Now we present the details of the linear program. We index the outcomes using $0,1,\ldots,k$ . We denote the initial mechanism as $M(u_{1}^{0},u_{2}^{0},\ldots,u_{n}^{0},a_{0}^{0},a_{1}^{0},\ldots,a_{k}^{0})$ .

The following optimization model solves for the optimal AMA mechanism near this starting point:

Model 1
Variables: $u_{1},u_{2},\ldots,u_{n},a_{0},a_{1},\ldots,a_{k}$ Maximize: $ER(M(u_{1},u_{2},\ldots,u_{n},a_{0},a_{1},\ldots,a_{k}))$ Subject to:
For all $i$ , $u_{i}\geq 1$ and $u_{i}^{0}-\epsilon\leq u_{i}\leq u_{i}^{0}+\epsilon$ For all $t$ , $a_{i}^{0}-\epsilon\leq a_{i}\leq a_{i}^{0}+\epsilon$

Of course, the above model is not a linear program, as $ER(M)$ is not a linear combination of the variables. We will approximate $ER(M)$ using a linear combination of the variables.
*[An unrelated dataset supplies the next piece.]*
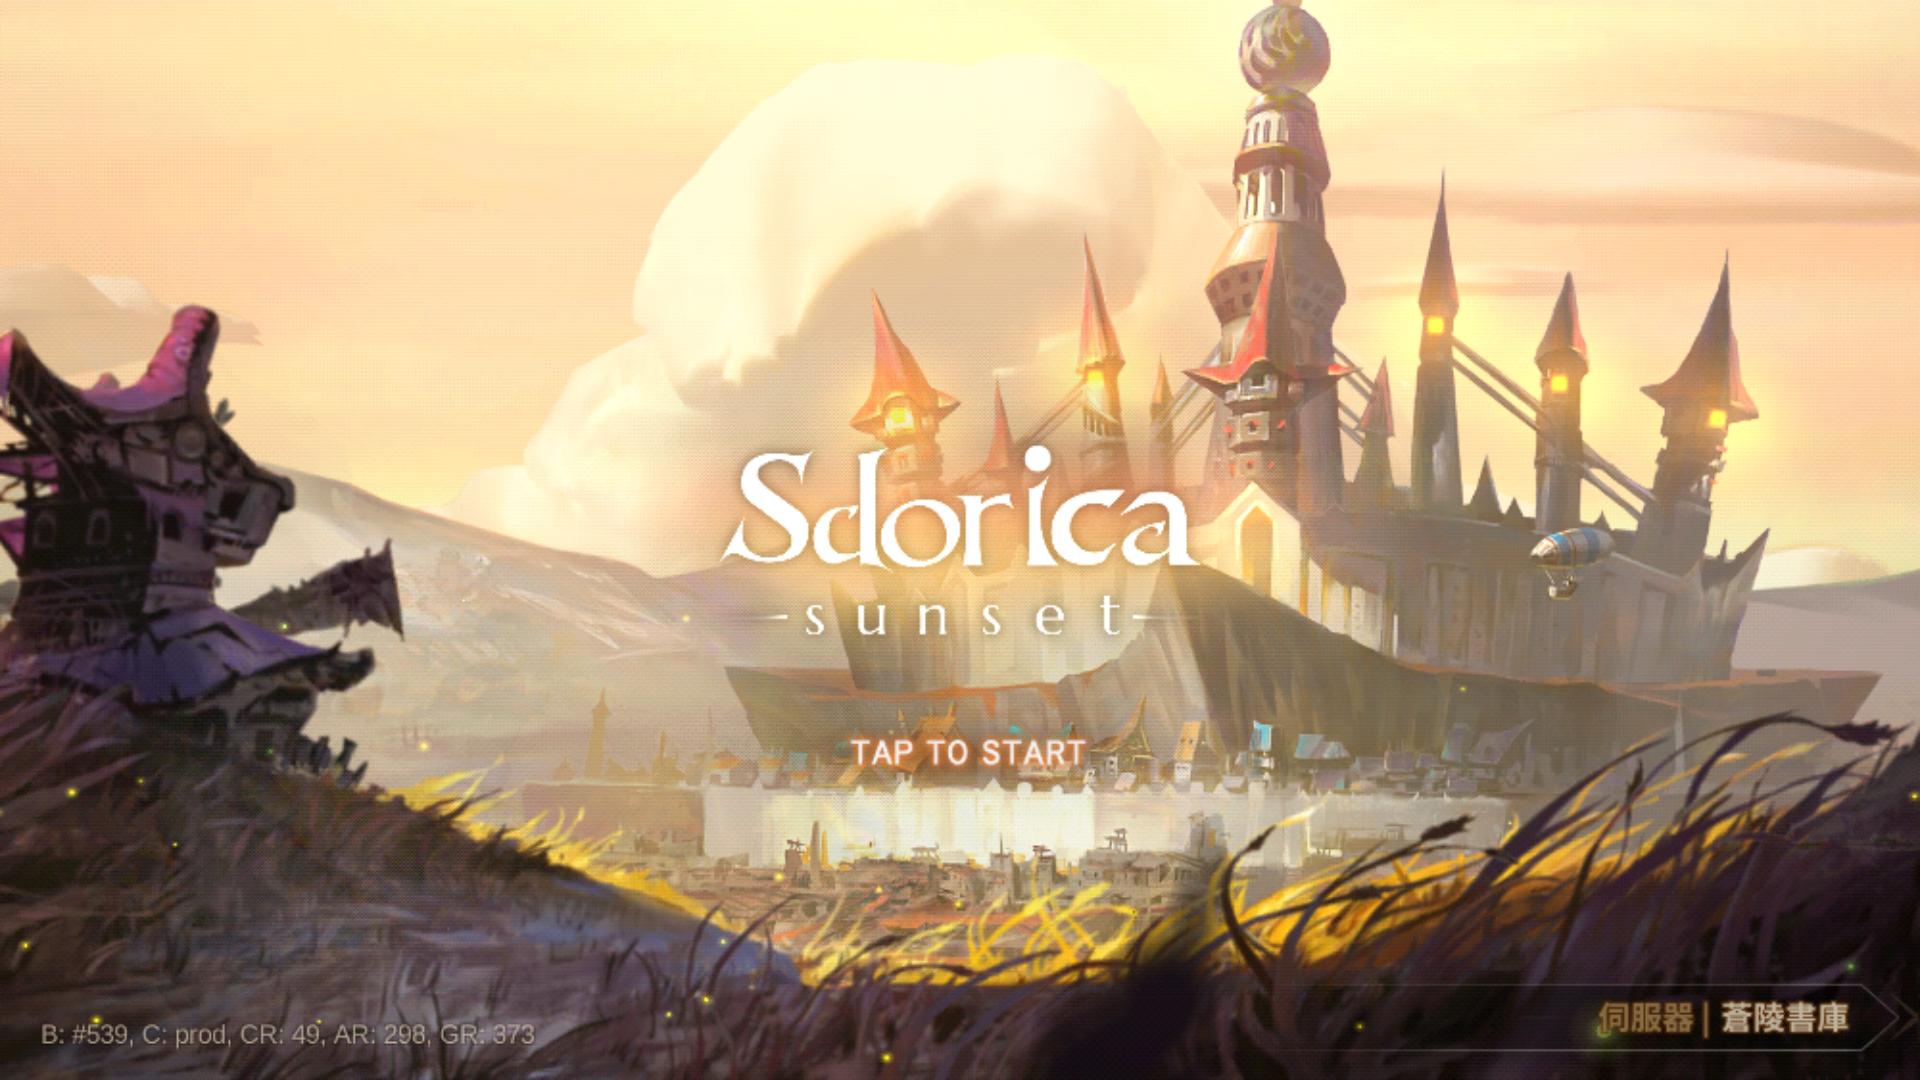 Sdorica 萬象物語│雷亞RPG新作的創作觀點與劇情解剖

Let $S$ be a large set of type profiles, we will approximate $ER(M)$ as follows:

ER(M)\approx\sum_{\theta\in S}P(\theta)\sum_{i}C_{i}(M,\theta)

Here, $C_{i}(M,\theta)$ is agent $i$ ’s payment under $M$ when the type profile is $\theta$ . One way to pick $S$ is to discretize the type space and let $S$ be the set of all grid points. Now what remains to be done is to approximate $C_{i}(M,\theta)$ using a linear combination of the variables.
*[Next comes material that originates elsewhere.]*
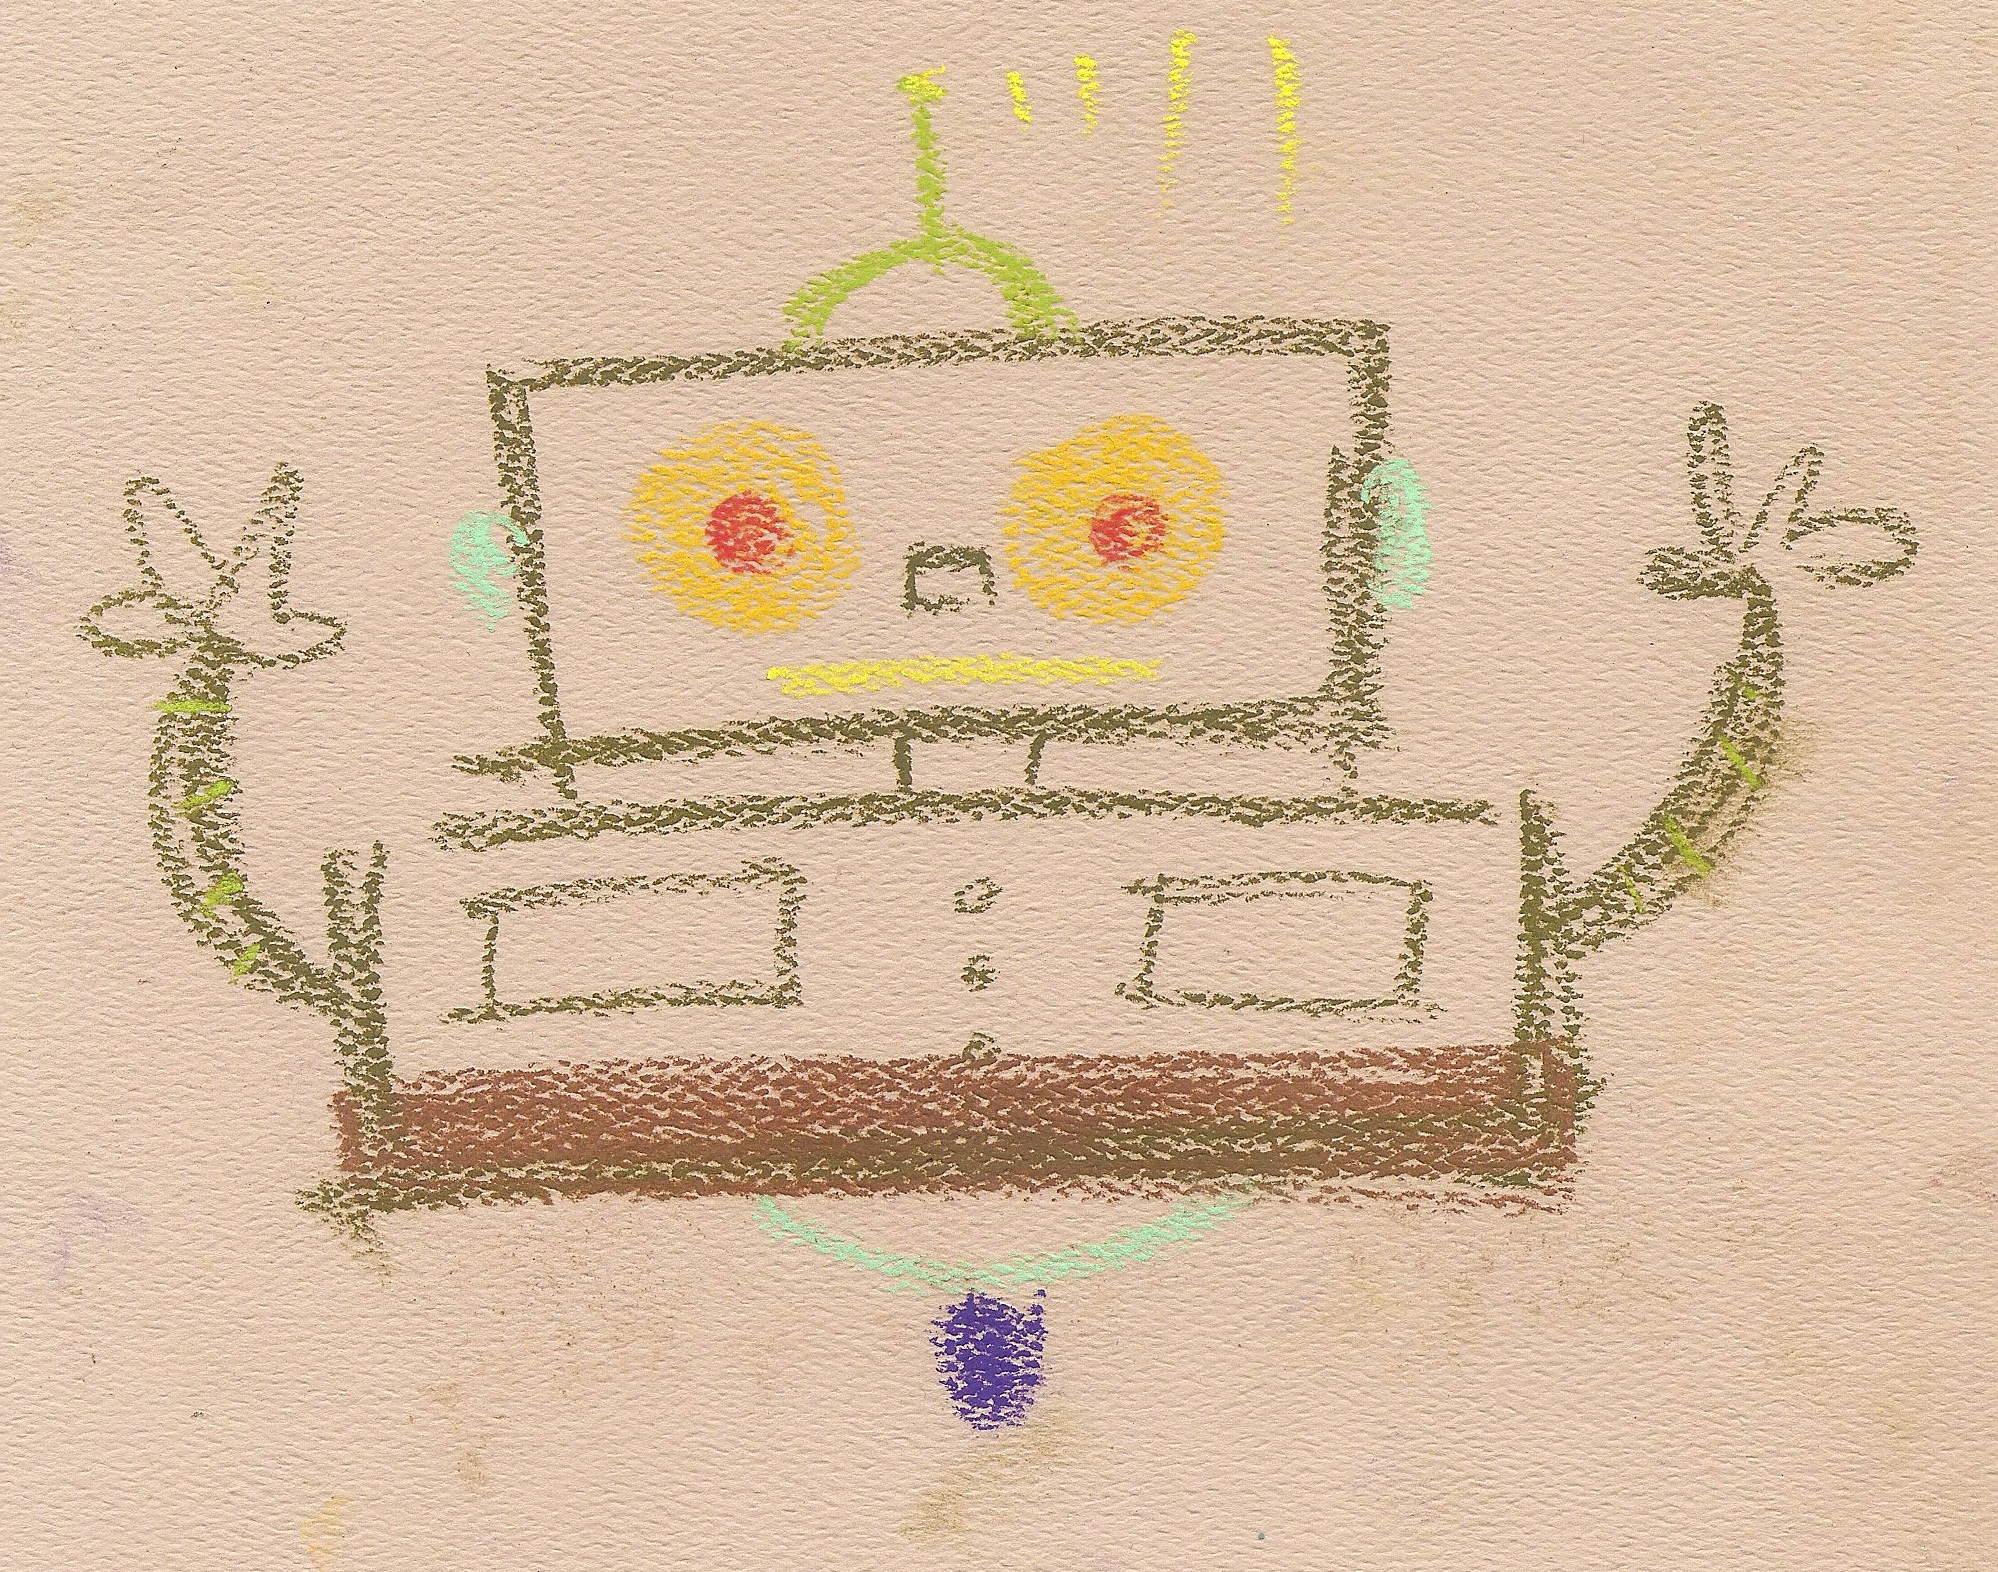 Robot.jpeg

C_{i}(M,\theta)=\frac{\max_{o\in O}\left(\sum_{j\neq i}u_{j}v_{j}(\theta_{j},o)+a_{o}\right)-\sum_{j\neq i}u_{j}v_{j}(\theta_{j},o^{*})-a_{o^{*}}}{u_{i}}

Here, $o^{*}$ is defined as

o^{*}=\arg\max_{o\in O}\left(\sum_{i=1}^{n}u_{i}v_{i}(\theta_{i},o)+a_{o}\right)

We use the following heuristic to approximate $C_{i}(M,\theta)$ : because the $u_{i}$ and the $a_{o}$ are close to the $u_{i}^{0}$ and the $a_{o}^{0}$ , we will use the $u_{i}^{0}$ and the $a_{o}^{0}$ to calculate the outcomes mentioned in the above expressions. That is, we assume that for most type profiles, small perturbation in the parameters will not change the mechanism outcomes.

o^{*0}=\arg\max_{o\in O}\left(\sum_{i=1}^{n}u_{i}^{0}v_{i}(\theta_{i},o)+a_{o}^{0}\right)

o^{0}=\arg\max_{o\in O}\left(\sum_{j\neq i}u_{i}^{0}v_{i}(\theta_{i},o)+a_{o}^{0}\right)

We replace $o^{*}$ and $o$ using $o^{*0}$ and $o^{0}$ , we have that

C_{i}(M,\theta)\approx\frac{\sum_{j\neq i}u_{j}v_{j}(\theta_{j},o^{0})+a_{o^{0}}-\sum_{j\neq i}u_{j}v_{j}(\theta_{j},o^{*0})-a_{o^{*0}}}{u_{i}}

We use $c_{j}$ to denote $v_{j}(\theta_{j},o^{0})$ and $c_{j}^{*}$ to denote $v_{j}(\theta_{j},o^{*0})$ . Both the $c_{j}$ and the $c_{j}^{*}$ are constants.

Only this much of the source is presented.